The National Digital Engineering and Manufacturing Consortium announced its formation last week in a White House press conference. NDEMC’s focus is to use HPC technology to energize the U.S. manufacturing sector.

The consortium includes NCMS, the Council on Competitiveness, the National Center for Supercomputing Applications, the Ohio Supercomputing Center and Purdue University, as well as industrial partners Deere & Co., General Electric, Procter & Gamble, and Lockheed Martin.

The consortium was funded with a $2 million grant from the U.S. Department of Commerce and an additional $2.5 million investment from industrial partners.

The NDEMC will be tasked to spread adoption of advanced modeling and simulation capability using High Performance Computing, or HPC, throughout the supply chains of some of the nation’s leading manufacturers.
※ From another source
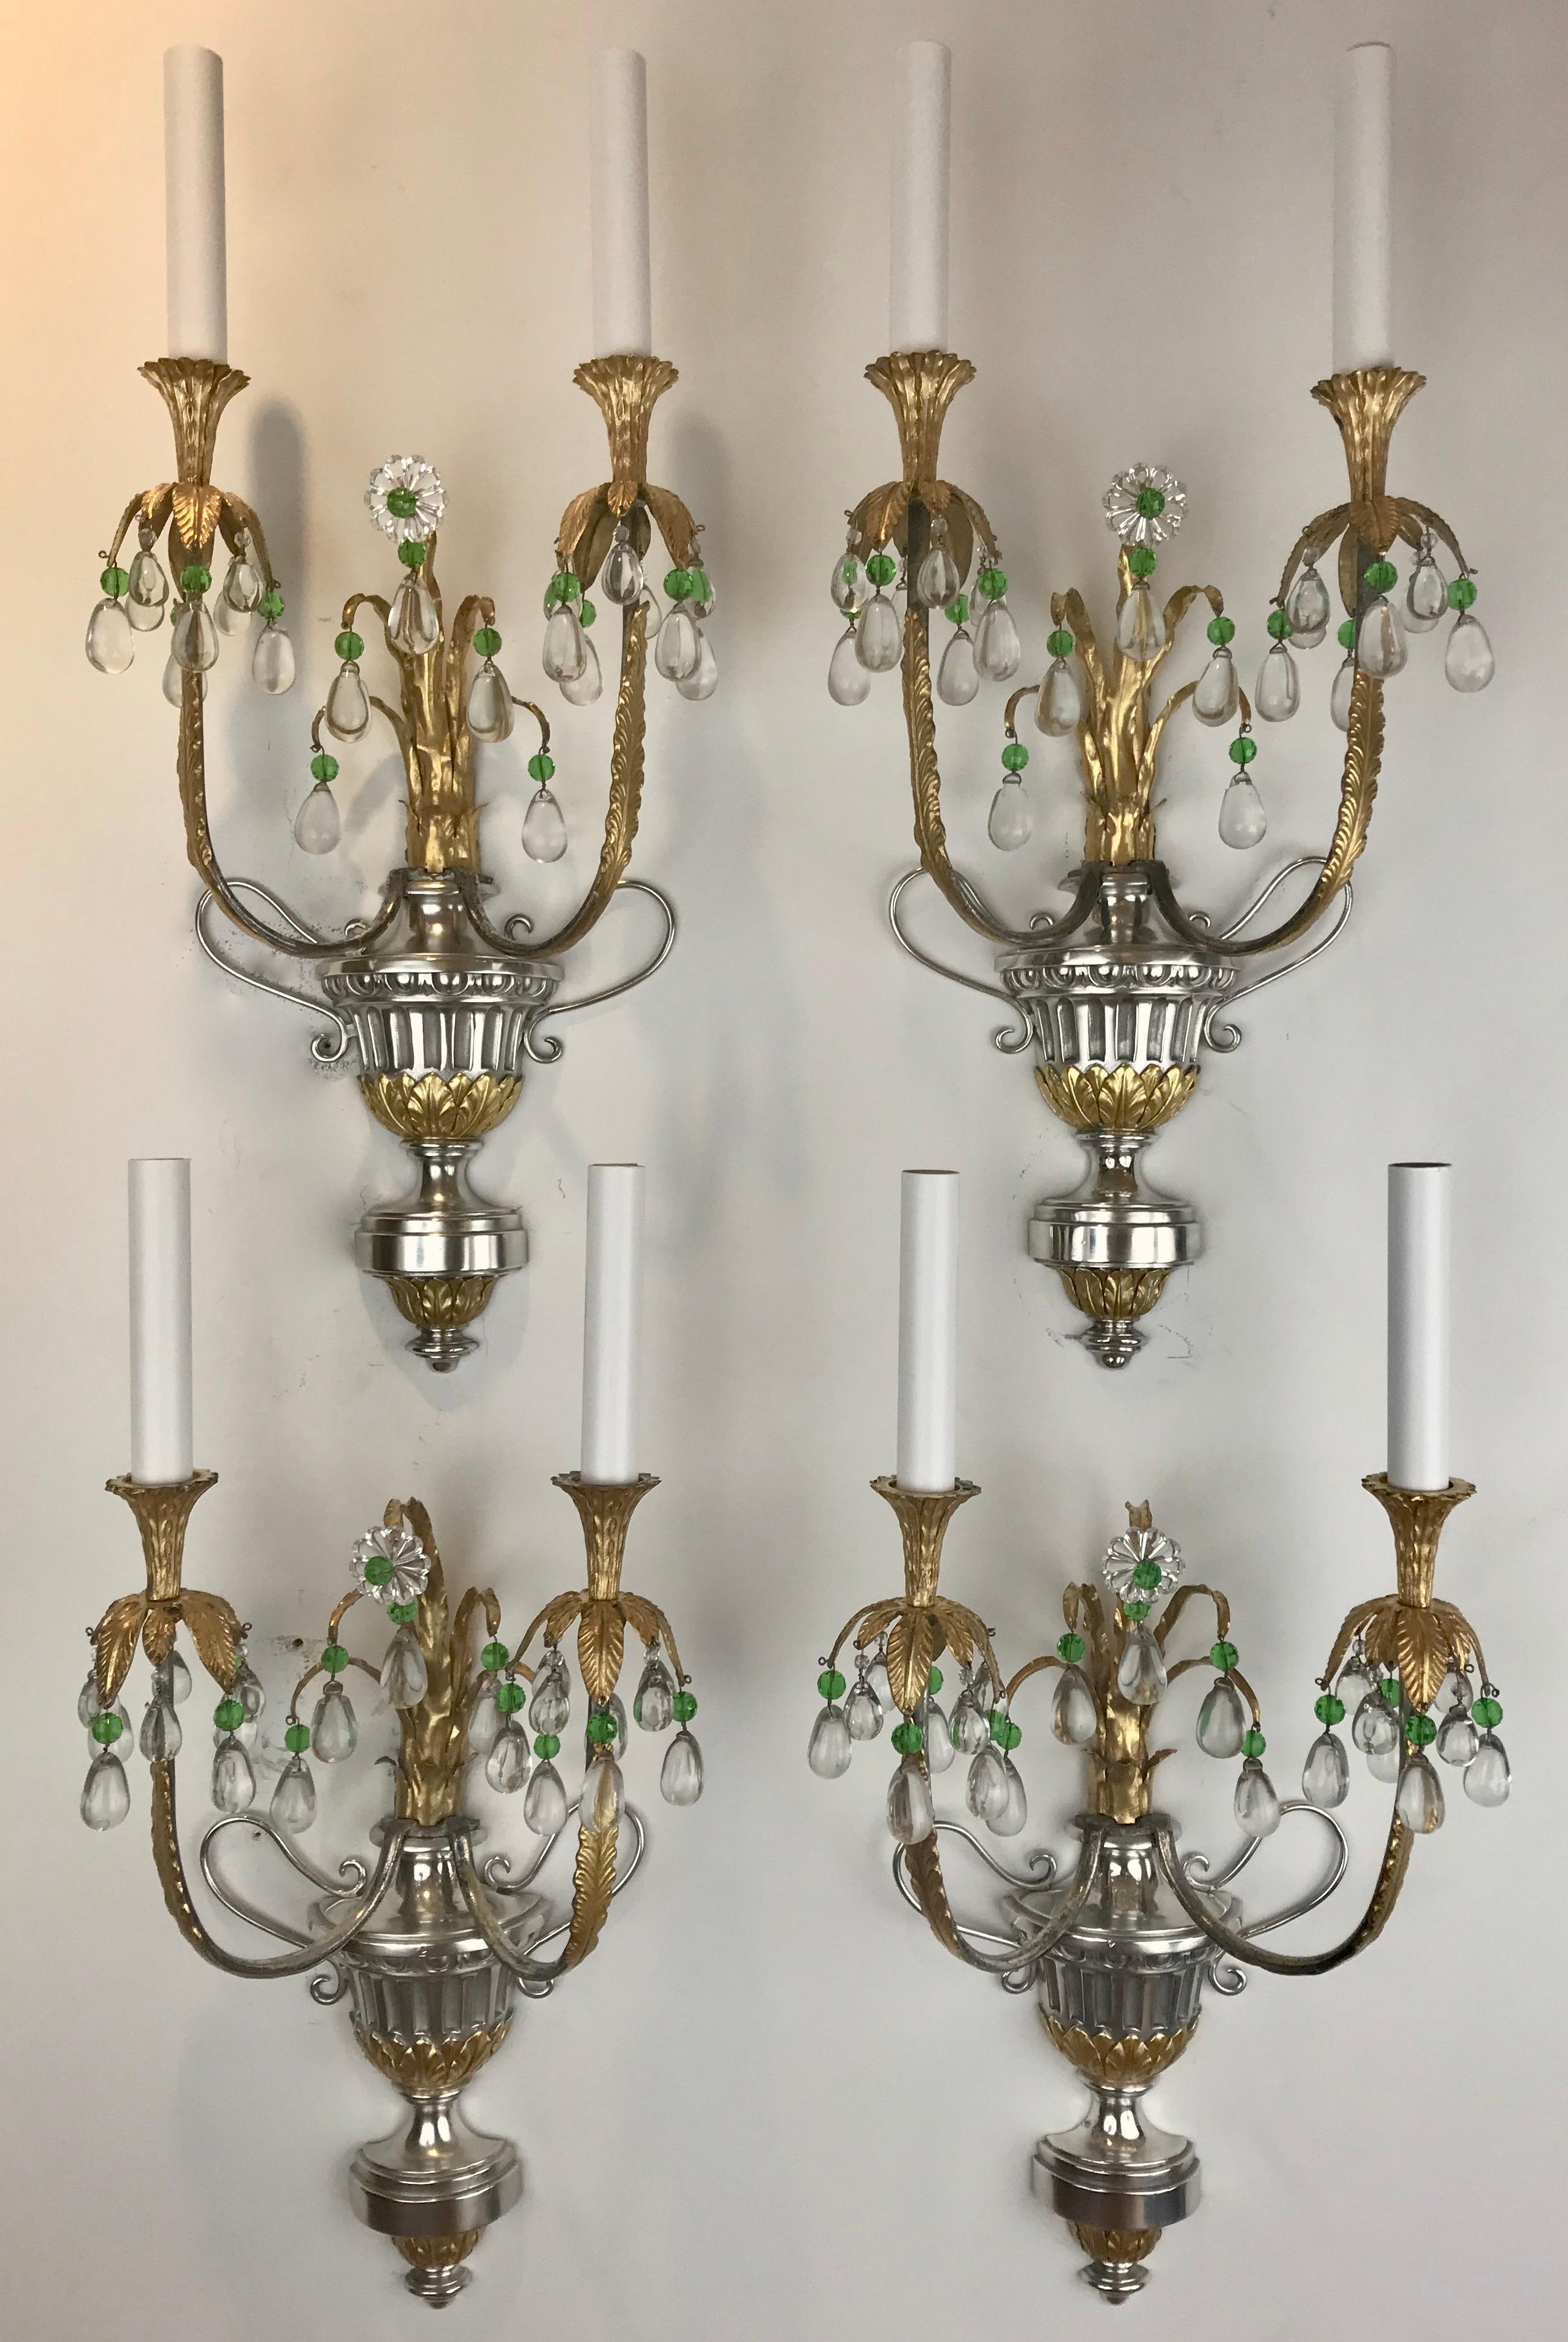  Four Silver and Gilt Bronze Sconces with Green Crystal Accents by Caldwell For Sale 1

While large manufacturing companies successfully use these tools to improve their products, smaller companies lack the resources and technical knowledge to do so. NDEMC will attempt to fill that gap by relying on consortium members to reach this “missing middle” of late adopters before it is too late.

“As the leader in practical innovation for U.S. manufacturing, NCMS is excited to partner with those who recognize the potential of HPC,” said Rick Jarman, NCMS president and CEO. “We will work to ensure that the NDEMC fulfills its promise of speeding new technology and adding jobs to U.S. Manufacturing and related sectors in technology and service.”

This collaboration will bolster and enhance the NCMS national strategy announced last September. The strategy proposed the creation of a network of Predictive Innovation Centers, which would focus on the small and mid-sized manufacturer and would offer them the tools, training and expertise to leverage the power of advanced computational technologies. These centers will help to revitalize manufacturing by creating jobs and giving American manufacturers a technological edge in global competitiveness.

NCMS will use its track record of successful manufacturing R&D development to help ensure that the NDEMC service offerings are of immediate practical use to small manufacturers.

“We have been working with small manufacturers on a practical HPC strategy for several years now,” said Jon Riley, Executive Director of Design & Engineering Programs at NCMS. “We are ready to hit the ground running and create a valuable resource that will allow American companies to compete and succeed in the global marketplace.”